Извозчик взмахивает кнутом, кончик которого цепляет пакетик, и тот летит в чью-то тарелку с супом.
Это хорошо, думаю я, подарок не попадет к Редклифу. Все аплодируют ловкости извозчика.
– Следует вручить почетную ленту от имени исполнительной власти! – восклицает судья. И вот уже Орита несет бело-красную ленту. Мне, что ли, на шею? Но она проходит мимо меня, как будто я и вовсе не существую, надевают ее на шею извозчику, отвешивает ему поцелуй и тут же исчезает. Судья стучит ложкой по столу. Появляется не кто иной, как Срулик, поправляет очки, извлекает из кармана пачку листков и начинает читать: «О предосудительных действиях, а также соблазняющих… в отношении госпожи Иды Руткин…»

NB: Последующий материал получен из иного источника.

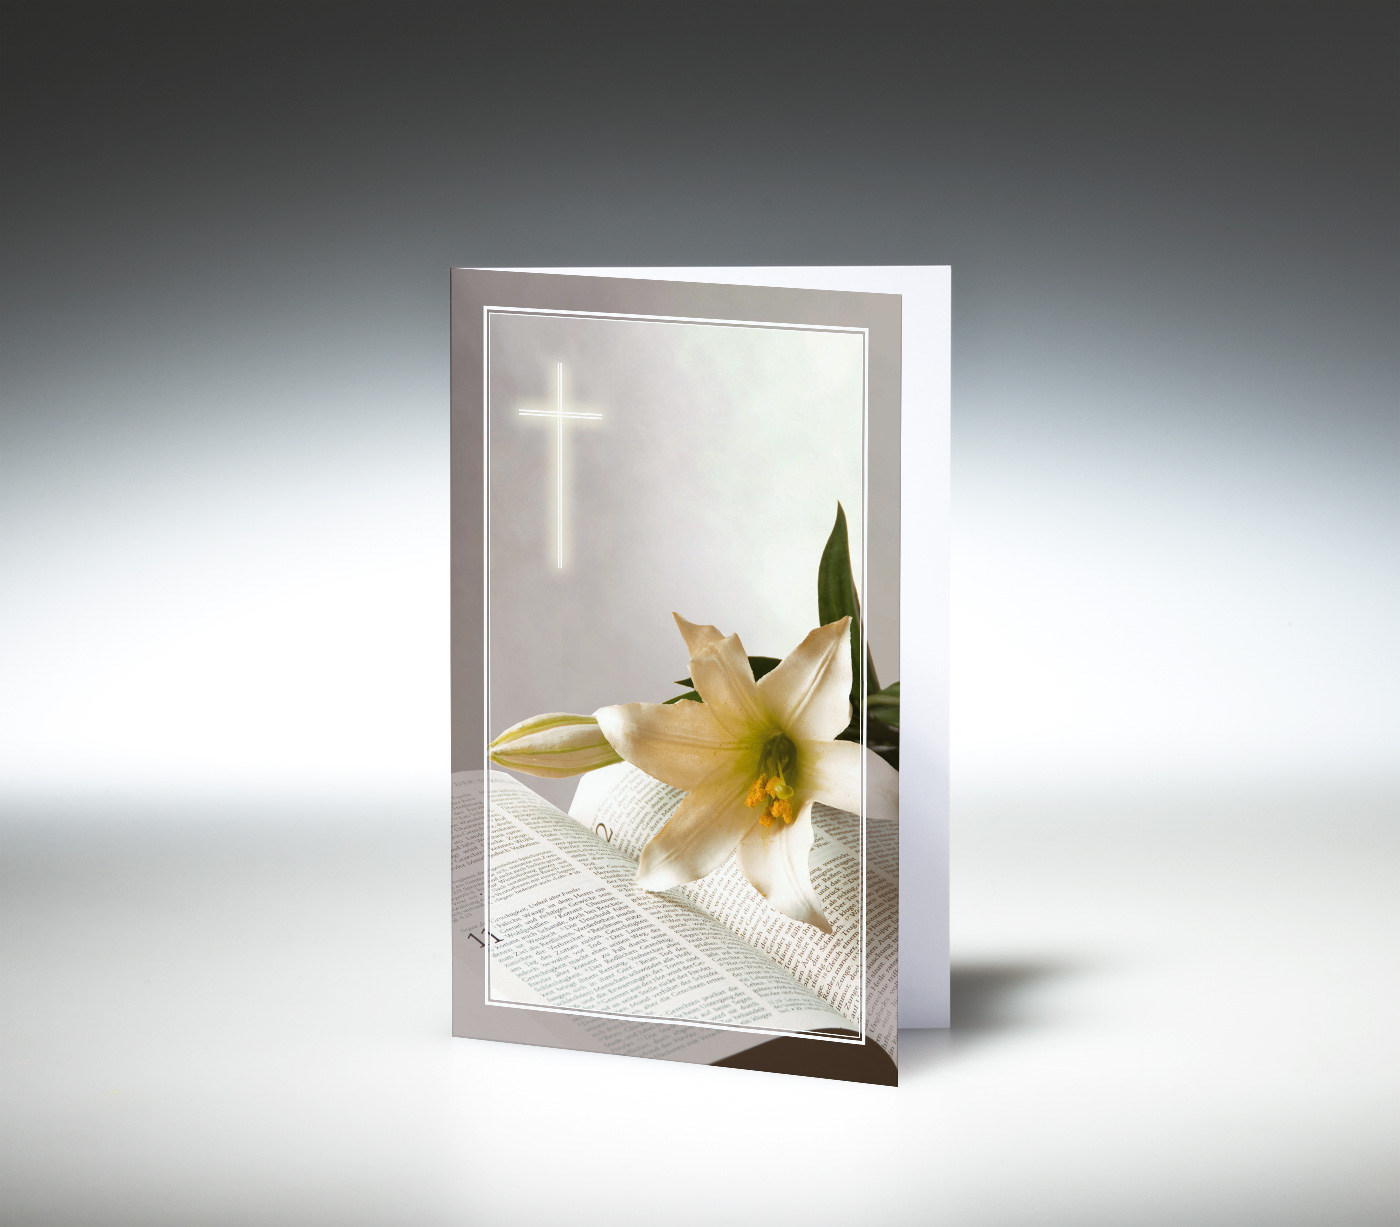 Trauersprüche Bibel Trauersprüche Bibel Bnbnews Co

Кто это? Ах, да, это же она, жена судьи, мать Ориты. Так ему и надо, Редклифу. Ведь не зря она ему купила галстук по цвету глаз. Какая низость с его стороны. А еще джентльмен, особа, приближенная к королевской семье.
– «…И он устроил ему засаду за кустами… – листки падают из рук Срулика. Я нагибаюсь, чтобы помочь ему, но жесткая рука обладателя почетной ленты возвращает меня на место. – …Напал на него, – продолжает Срулик, – избил, наступил ногой на шею. И это после того, как нападавший сам дал ему ясное указание: идти на прием в сад. Надеть его же, напавшего, праздничные одежды…»
– Отвратительная ложь, – кричу, – никогда не давал ему таких указаний. Наоборот…
Судья делает мне знак – молчать. Ржание коней прерывает мои слова.
– Ты что-то слышал? – спрашивает судья.
– Да, – отвечаю, – ржание коней.
Теперь ржет весь зал.
– Ты уверен? Не лжешь?
Тут я не выдерживаю, отталкиваю извозчика и кричу:
– Это не я лгу, а он.
– Ты сейчас обвинил его в серьезном преступлении, – говорит судья, – в воровстве. Ты должен доказать, что на нем твой костюм.
– Свидетельство во внутреннем кармане костюма, там же удостоверение личности с моей фотографией.
Судья вызывает кого-то из окружающих. Оказывается, это Берл, мой друг.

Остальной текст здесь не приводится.